Then there’s the “art” side – the intuition and creativity born of experience.
This is about understanding LLM quirks and subtle behaviors. Think of it like a seasoned programmer who “just knows” how to structure code for readability: an experienced context engineer develops a feel for how to structure a prompt for a given model. For example, you might sense that one model tends to do better if you first outline a solution approach before diving into specifics, so you include an initial step like “Let’s think step by step…” in the prompt. Or you notice that the model often misunderstands a particular term in your domain, so you preemptively clarify it in the context. These aren’t in a manual – you learn them by observing model outputs and iterating. This is where prompt-crafting (in the old sense) still matters, but now it’s in service of the larger context. It’s similar to software design patterns: there’s science in understanding common solutions, but art in knowing when and how to apply them.

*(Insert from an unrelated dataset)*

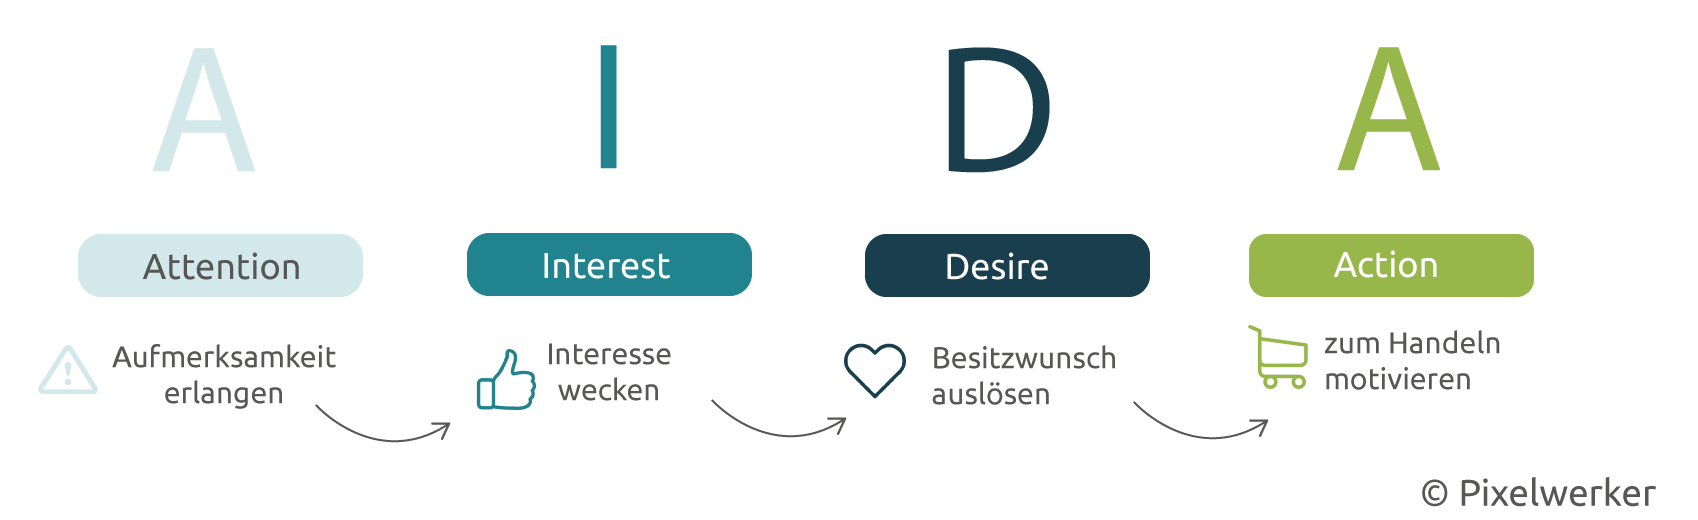 AIDA-Prinzip

Let’s explore a few common strategies and patterns context engineers use to craft effective contexts:
Retrieval of relevant knowledge: One of the most powerful techniques is Retrieval-Augmented Generation. If the model needs facts or domain-specific data that isn’t guaranteed to be in its training memory, have your system fetch that info and include it. For example, if building a documentation assistant, you might vector-search your documentation and insert the top matching passages into the prompt before asking the question. This way, the model’s answer will be grounded in real data you provided, rather than its sometimes outdated internal knowledge. Key skills here include designing good search queries or embedding spaces to get the right snippet, and formatting the inserted text clearly (with citations or quotes) so the model knows to use it. When LLMs “hallucinate” facts, it’s often because we failed to provide the actual fact – retrieval is the antidote to that.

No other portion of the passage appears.